A latent world model built from an equivariant encoder $E$ and an equivariant predictor $f$ inherits a provable symmetry of its training loss: when the world's dynamics genuinely carries a group $G$ acting on latents by an orthogonal representation $\rho(g)$, the one-step prediction relMSE is exactly invariant across the whole group, so fitting the dynamics on a restricted slice of orientations mathematically determines it on the entire orbit (j\v{u} y\=i f\v{a}n s\=an). We verify this end-to-end at laptop scale (CPU/MPS, fully seeded). [A] The symmetry survives a real Muon/AdamW + EMA + VICReg run -- composed encode-then-predict residual $\sim 10^{-6}$ after optimisation, not just at initialisation, and under any optimiser. [B] One-step error is flat to five digits across the group, while a same-hypothesis-class non-equivariant baseline fits the slice but breaks out-of-distribution (VN $\times 1.00$ vs baseline $\times 13.8$ in 2D, $\times 17.2$ in 3D, $\times 157$ over the full $\mathrm{SE}(3)$ ladder), with the equivariant model $4.5$-$7.4\times$ smaller. [C] The same isometry argument lifts to closed loop: under a matching equivariant planner the control trajectory at orientation $g$ is exactly $\rho(g)$ applied to the seen one, so closed-loop error is invariant across the group -- float-floor-exact in 2D/$\mathrm{SO}(2)$ on real PushT and statistically flat in 3D/$\mathrm{SE}(3)$ (disjoint 95% CIs). We stress-test the prior against Sutton's Bitter Lesson: augmentation, brute-force scale, and soft-equivariance each close at most the across-group task metric, never the float-floor exactness. Because equivariance is closed under composition, the $H$-fold rollout stays flat ($\times 1.00$, $\le 2\times 10^{-7}$) at every horizon, while the baseline's residual compounds with $H$. Out of scope: task-success sweeps, planner-free invariance, and scaling.

Editorial analysis

A structured set of objections, weighed in public.

Desk editor's note, referee report, simulated authors' rebuttal, and a circularity audit. Tearing a paper down is the easy half of reading it; the pith above is the substance, this is the friction.

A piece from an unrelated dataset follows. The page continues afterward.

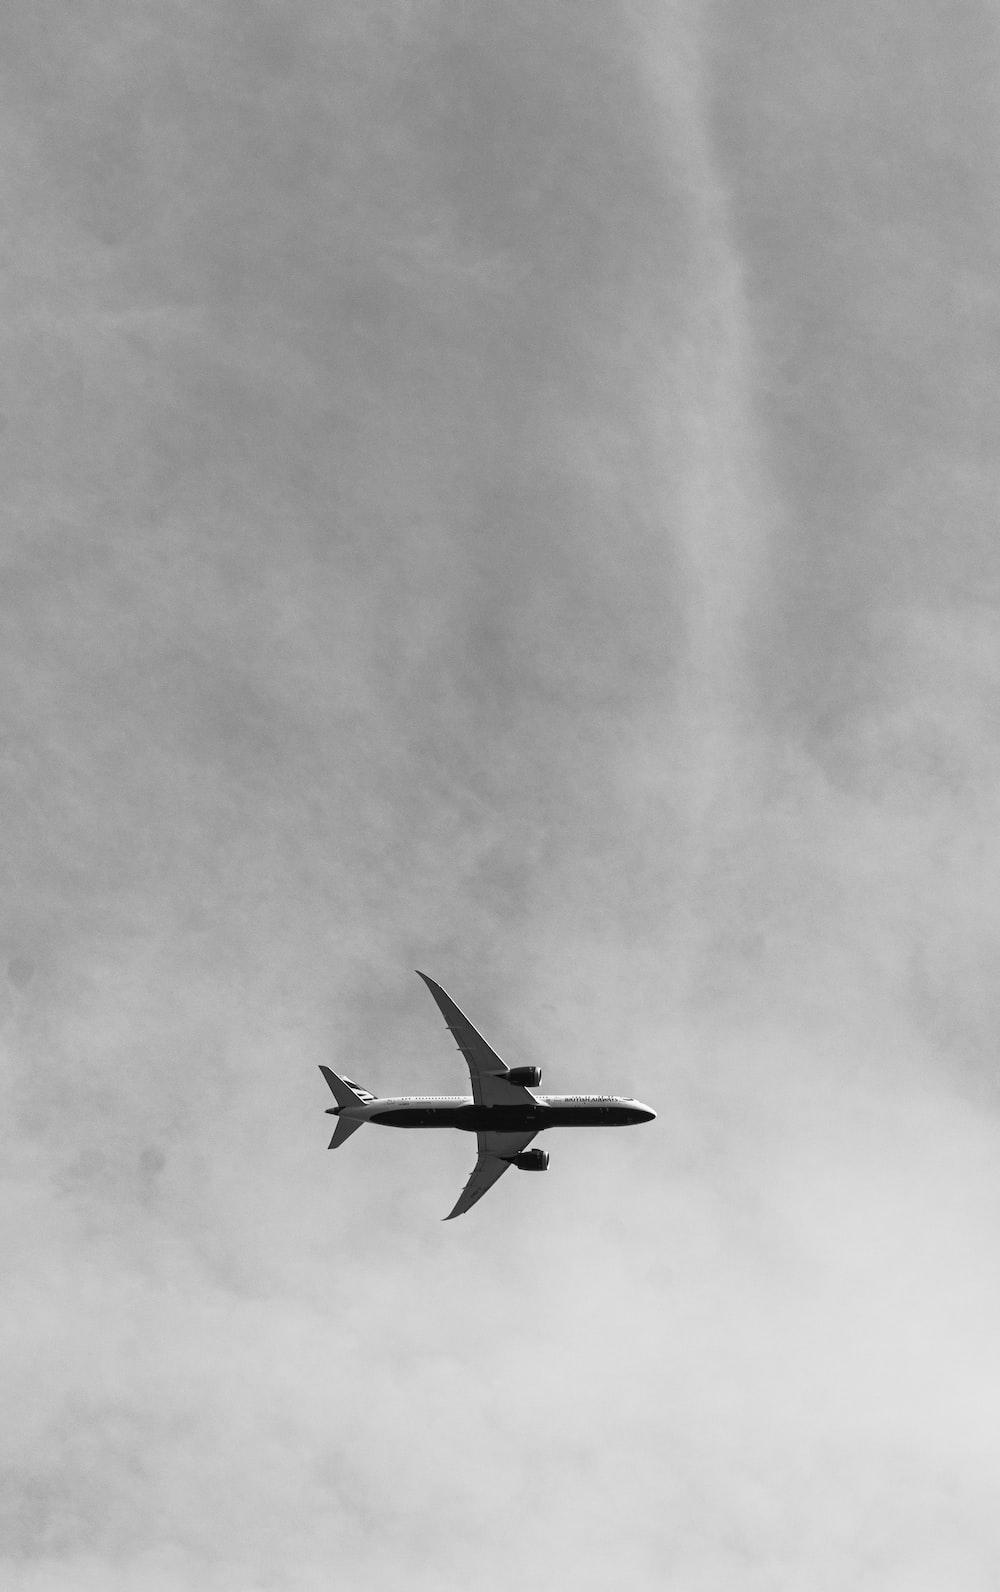 white airliner on sky

Desk Editor's Note private letter to a colleague

Exact equivariance in the encoder and predictor survives training and produces float-floor exact invariance of the prediction loss across the group when the dynamics respect the same orthogonal action.

read the letter

The central result is straightforward: if the encoder E and predictor f are exactly equivariant under an orthogonal representation ρ of group G, and the latent dynamics transform the same way, then the one-step relative MSE is identical for every group element. Fitting on one slice therefore determines the behavior on the whole orbit by algebra alone. The paper verifies that this equivariance holds after full optimization, with the composed residual at roughly 10^{-6} under Muon/AdamW plus EMA and VICReg.

The experiments back the claim at small scale. One-step error stays flat to five digits across SO(2) and SE(3), while a non-equivariant baseline of the same hypothesis class degrades sharply out of distribution. The closed-loop case with an equivariant planner shows the same invariance, with trajectories at g exactly the image under ρ(g) of the observed trajectory. The H-step rollout stays flat as well because equivariance is closed under composition.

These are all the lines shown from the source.